**WHAT TO WORK ON**. Reproduce every entry exactly, without alteration.

**PROVIDED DATA**.
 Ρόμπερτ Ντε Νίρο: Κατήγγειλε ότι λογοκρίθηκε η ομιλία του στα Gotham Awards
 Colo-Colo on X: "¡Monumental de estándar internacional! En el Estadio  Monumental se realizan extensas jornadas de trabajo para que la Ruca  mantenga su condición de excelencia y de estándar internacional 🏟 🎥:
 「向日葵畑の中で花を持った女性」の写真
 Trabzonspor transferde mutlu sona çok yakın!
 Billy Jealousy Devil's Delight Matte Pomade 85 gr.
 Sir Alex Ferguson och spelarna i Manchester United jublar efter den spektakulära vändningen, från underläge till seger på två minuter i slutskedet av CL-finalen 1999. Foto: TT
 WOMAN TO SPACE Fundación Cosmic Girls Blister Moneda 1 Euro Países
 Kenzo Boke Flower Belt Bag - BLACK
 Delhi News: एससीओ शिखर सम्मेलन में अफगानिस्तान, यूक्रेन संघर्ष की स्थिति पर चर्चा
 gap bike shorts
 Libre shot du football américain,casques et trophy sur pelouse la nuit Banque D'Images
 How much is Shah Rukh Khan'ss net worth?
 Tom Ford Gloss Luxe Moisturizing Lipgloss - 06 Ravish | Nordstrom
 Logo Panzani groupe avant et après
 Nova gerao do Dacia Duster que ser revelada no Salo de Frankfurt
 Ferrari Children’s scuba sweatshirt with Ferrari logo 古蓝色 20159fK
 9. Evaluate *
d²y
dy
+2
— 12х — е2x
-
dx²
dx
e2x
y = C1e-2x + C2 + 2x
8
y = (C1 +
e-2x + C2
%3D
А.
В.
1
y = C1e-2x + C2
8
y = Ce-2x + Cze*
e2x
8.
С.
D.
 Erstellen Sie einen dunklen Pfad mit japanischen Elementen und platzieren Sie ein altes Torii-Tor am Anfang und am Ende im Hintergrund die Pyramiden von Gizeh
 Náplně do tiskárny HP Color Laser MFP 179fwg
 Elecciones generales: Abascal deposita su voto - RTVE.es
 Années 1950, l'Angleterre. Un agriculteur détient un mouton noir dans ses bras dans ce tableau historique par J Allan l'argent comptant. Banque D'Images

**FINAL ANSWER**.
 Ρόμπερτ Ντε Νίρο: Κατήγγειλε ότι λογοκρίθηκε η ομιλία του στα Gotham Awards
 Colo-Colo on X: "¡Monumental de estándar internacional! En el Estadio  Monumental se realizan extensas jornadas de trabajo para que la Ruca  mantenga su condición de excelencia y de estándar internacional 🏟 🎥:
 「向日葵畑の中で花を持った女性」の写真
 Trabzonspor transferde mutlu sona çok yakın!
 Billy Jealousy Devil's Delight Matte Pomade 85 gr.
 Sir Alex Ferguson och spelarna i Manchester United jublar efter den spektakulära vändningen, från underläge till seger på två minuter i slutskedet av CL-finalen 1999. Foto: TT
 WOMAN TO SPACE Fundación Cosmic Girls Blister Moneda 1 Euro Países
 Kenzo Boke Flower Belt Bag - BLACK
 Delhi News: एससीओ शिखर सम्मेलन में अफगानिस्तान, यूक्रेन संघर्ष की स्थिति पर चर्चा
 gap bike shorts
 Libre shot du football américain,casques et trophy sur pelouse la nuit Banque D'Images
 How much is Shah Rukh Khan'ss net worth?
 Tom Ford Gloss Luxe Moisturizing Lipgloss - 06 Ravish | Nordstrom
 Logo Panzani groupe avant et après
 Nova gerao do Dacia Duster que ser revelada no Salo de Frankfurt
 Ferrari Children’s scuba sweatshirt with Ferrari logo 古蓝色 20159fK
 9. Evaluate *
d²y
dy
+2
— 12х — е2x
-
dx²
dx
e2x
y = C1e-2x + C2 + 2x
8
y = (C1 +
e-2x + C2
%3D
А.
В.
1
y = C1e-2x + C2
8
y = Ce-2x + Cze*
e2x
8.
С.
D.
 Erstellen Sie einen dunklen Pfad mit japanischen Elementen und platzieren Sie ein altes Torii-Tor am Anfang und am Ende im Hintergrund die Pyramiden von Gizeh
 Náplně do tiskárny HP Color Laser MFP 179fwg
 Elecciones generales: Abascal deposita su voto - RTVE.es
 Années 1950, l'Angleterre. Un agriculteur détient un mouton noir dans ses bras dans ce tableau historique par J Allan l'argent comptant. Banque D'Images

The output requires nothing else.